The seven pillars of a profitable author life you love map directly onto philosophical concepts about human flourishing that have endured for millennia. Whether you’re a well-established author or just getting started, this framework serves something deeper than your bank account.
The Seven Pillars Meet Ancient Wisdom
Pillar 1: Know It’s Possible
Aristotle’s ethics and theory of action teach that we should only pursue what we believe is achievable. The Stoics emphasized the power of our judgments about what’s possible. Modern psychology calls this self-efficacy—the belief that you can accomplish what you set out to do.
Before you can build anything, you must believe it can be done. This is not a naive optimism. It’s grounded hope based on evidence, the evidence of others who have done it before you, under circumstances both better and worse than yours.
Philosophy calls this practical wisdom (phronesis for the Greeks). Understanding what’s possible in the real world, not just in theory. [Admission: I just finished Ryan Holiday’s book, Wisdom Takes Work, which prompted some refreshers on Aristotle and the Stoics.]
Pillar 2: Make the Commitment
The existentialists understood that authentic human existence requires commitment. Not passive drifting along, but active choice. You must decide what you’re building and stake your claim. The Stoics similarly stressed that we can only control our own choices and commitments, not outcomes.
Back to Aristotle. His virtue or excellence (arete) requires conscious deliberation toward a goal. Making a commitment to your author business is an act of self-authorship in the deepest sense. You’re choosing what kind of life you’ll live, what you’ll prioritize, what you’ll become.
And back to existentialism. This is Sartrean radical responsibility, self-determination. You are the author of your life, not just your books.
Pillar 3: Customize to Fit Your Life
The heart of Aristotelian ethics is that human flourishing looks different for each person. A good life for you must align with your nature, your strengths, your circumstances, your values.
The ancient Greek concept of know thyself wasn’t about navel-gazing. It was more practical wisdom: Understand your nature so you can build a life that works with it rather than against it.
When you customize your author business around your strengths, interests, values, and actual life circumstances, you’re practicing this ancient concept. You’re not trying to be someone else. You’re building from who you actually are.
And this is also authenticity in the existentialist sense, i.e., living in accordance with your own nature rather than adopting someone else’s script.
Pillar 4: Do 5 Things Daily
Aristotle wrote that we become virtuous through practice: “We are what we repeatedly do. Excellence, then, is not an act, but a habit.”
The Stoics practiced daily exercises to train themselves in wisdom and virtue. Marcus Aurelius wrote his Meditations as a daily practice of philosophical reflection.

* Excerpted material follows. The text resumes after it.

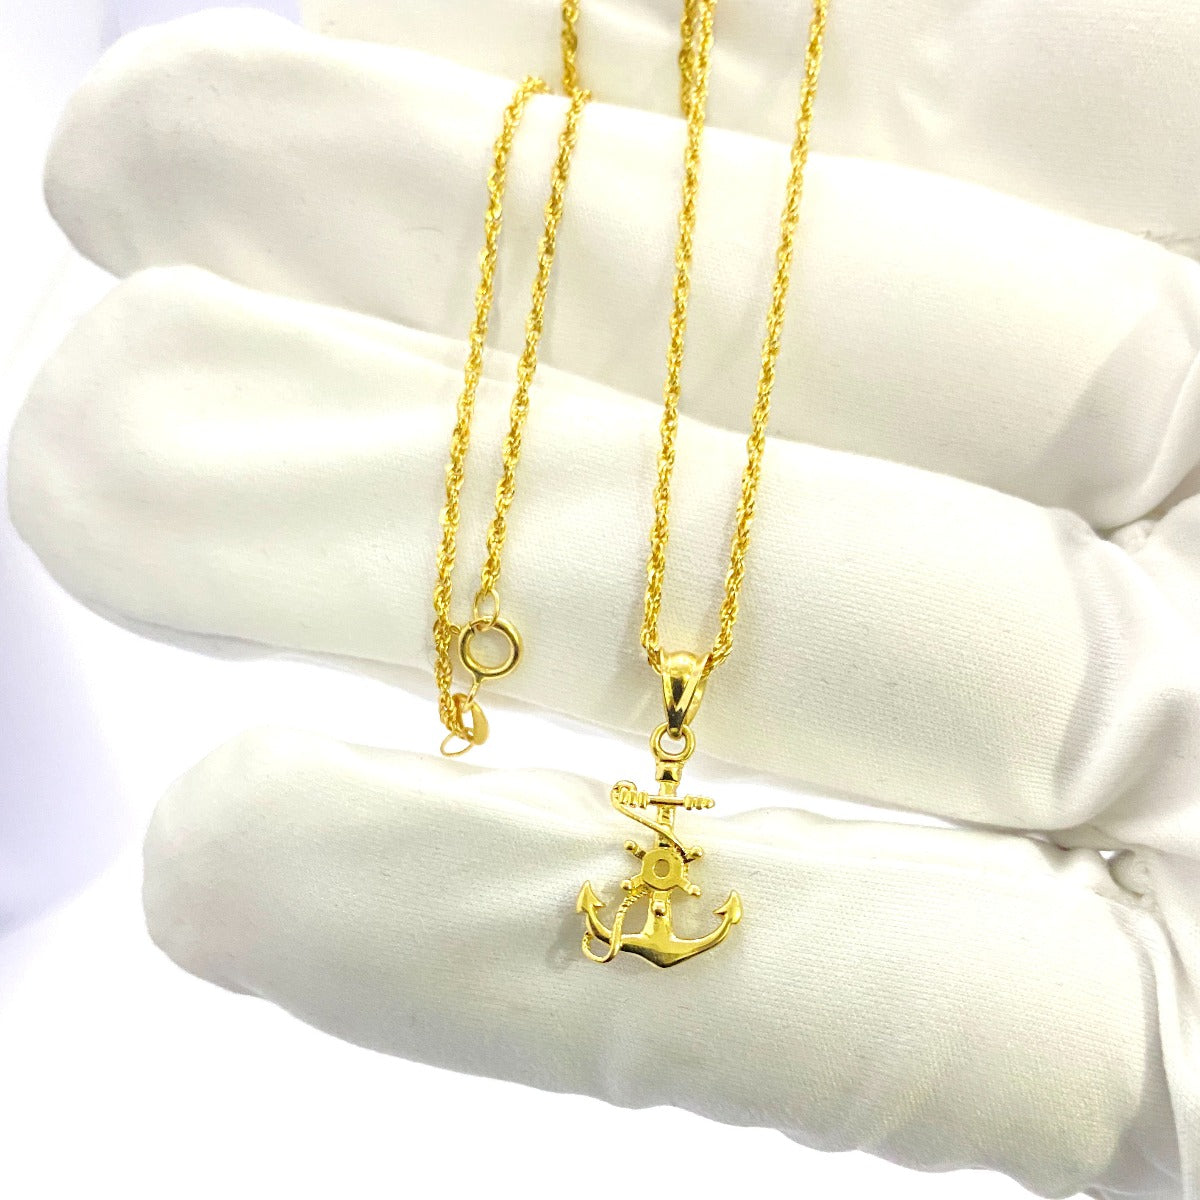 18K Pure Gold Anchor Pendant Necklace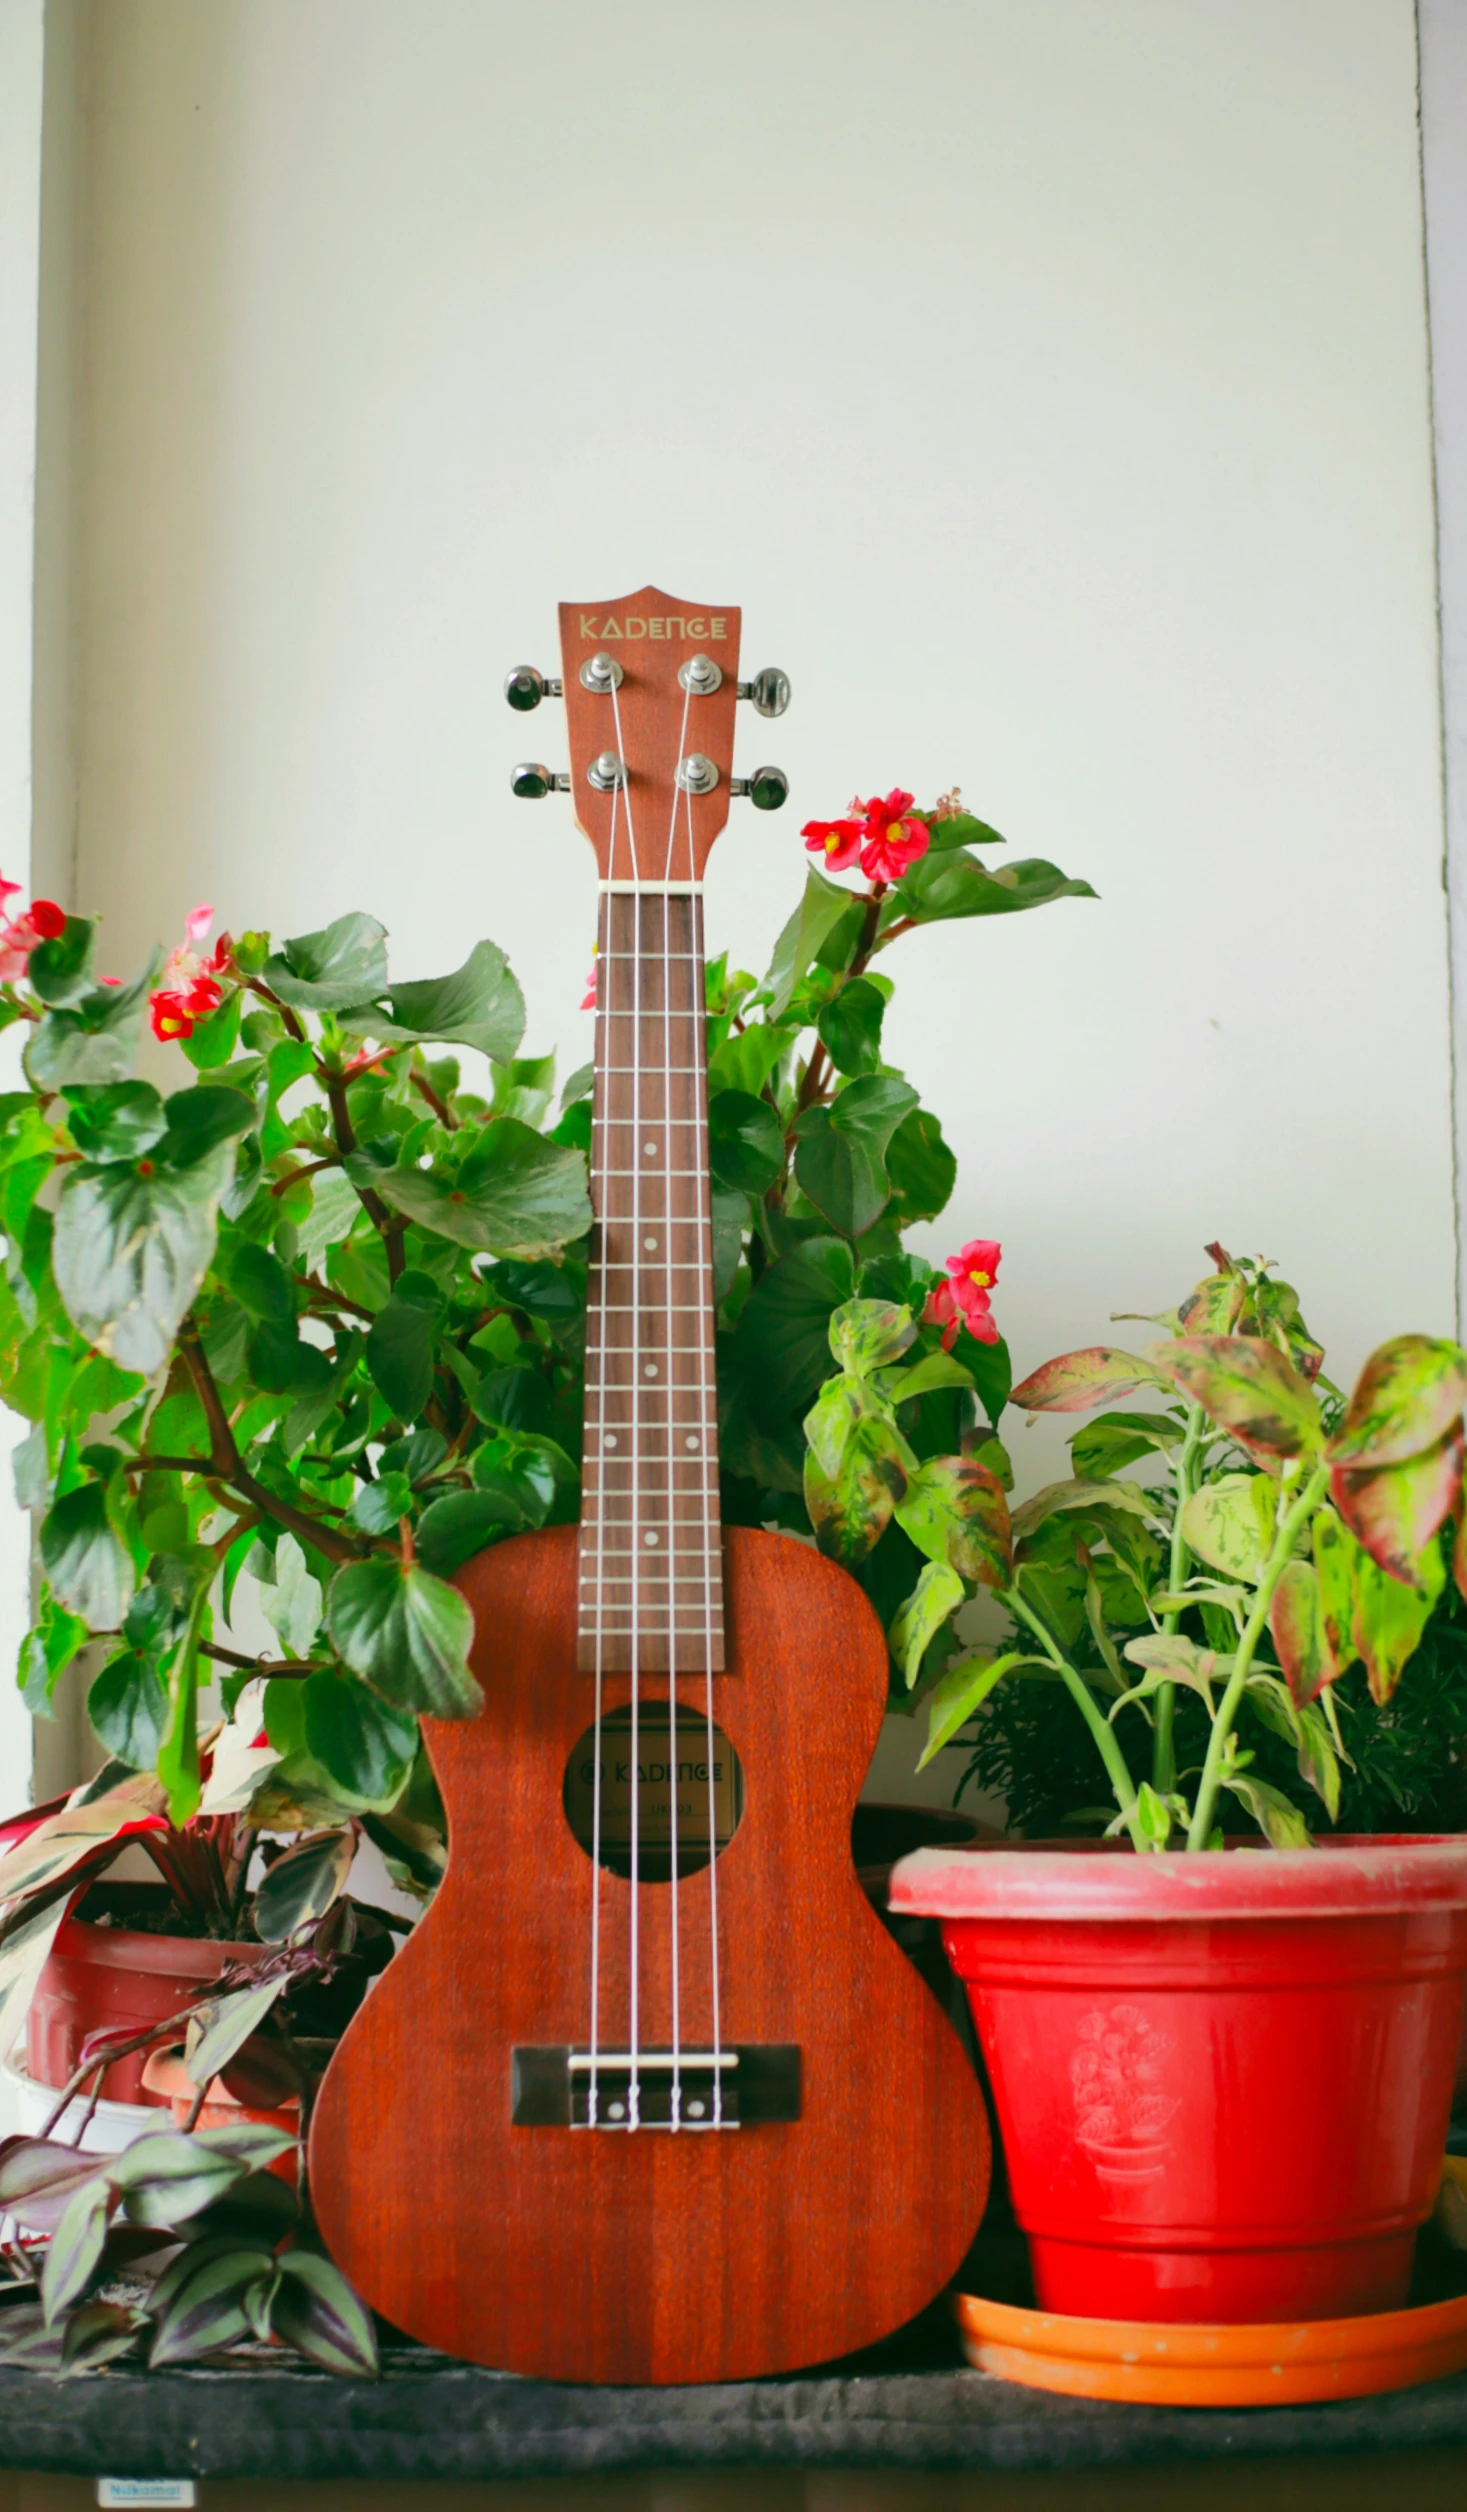 a ukulele and potted plant sitting on a ledge

Modern psychology (and habits master James Clear) also confirm what ancient philosophy knew: Identity and skill are built through consistent, repeated action. You don’t think your way into a new identity. You act your way into it.
Daily practice—doing 5–10 things every day to promote your work, books, business, expertise, authorship—isn’t just marketing strategy. It’s character formation. It’s becoming an author-entrepreneur through the habit of being one.
Pillar 4 is virtue ethics in action. You become who you practice being.
Pillar 5: Build Business Savvy
Back to phronesis—not abstract knowledge, but the ability to navigate real-world situations effectively.
Aristotle distinguished between practical wisdom and theoretical knowledge (episteme). Knowing business concepts is episteme. Knowing which concept to apply in your specific situation is phronesis.
You’ve heard me say it: I know building an author business is possible and not in a theoretical sense. It’s possible (pillar 1) because I have seen hundreds of authors do it in their own way (pillar 3).
You build phronesis through experience. You learn by doing. You develop judgment through making decisions, seeing results, adjusting, and iterating.
The modern growth mindset concept studied and popularized by Carol Dweck echoes ancient philosophy. You’re not born knowing. You can learn. You will make mistakes. That’s how growth happens, mastery develops.
Building business savvy “as you go, from where you are” is practicing phronesis, becoming wise, and capable, through action.
Pillar 6: Up Your Mindset Game
The Stoics built an entire philosophical system around the principle that your judgments create your experience. As Epictetus instructed, “It’s not events that disturb us, but our judgments about them.”
Modern cognitive psychology validates the same. Your thoughts create your emotional experience, which drives your behavior, which produces your results.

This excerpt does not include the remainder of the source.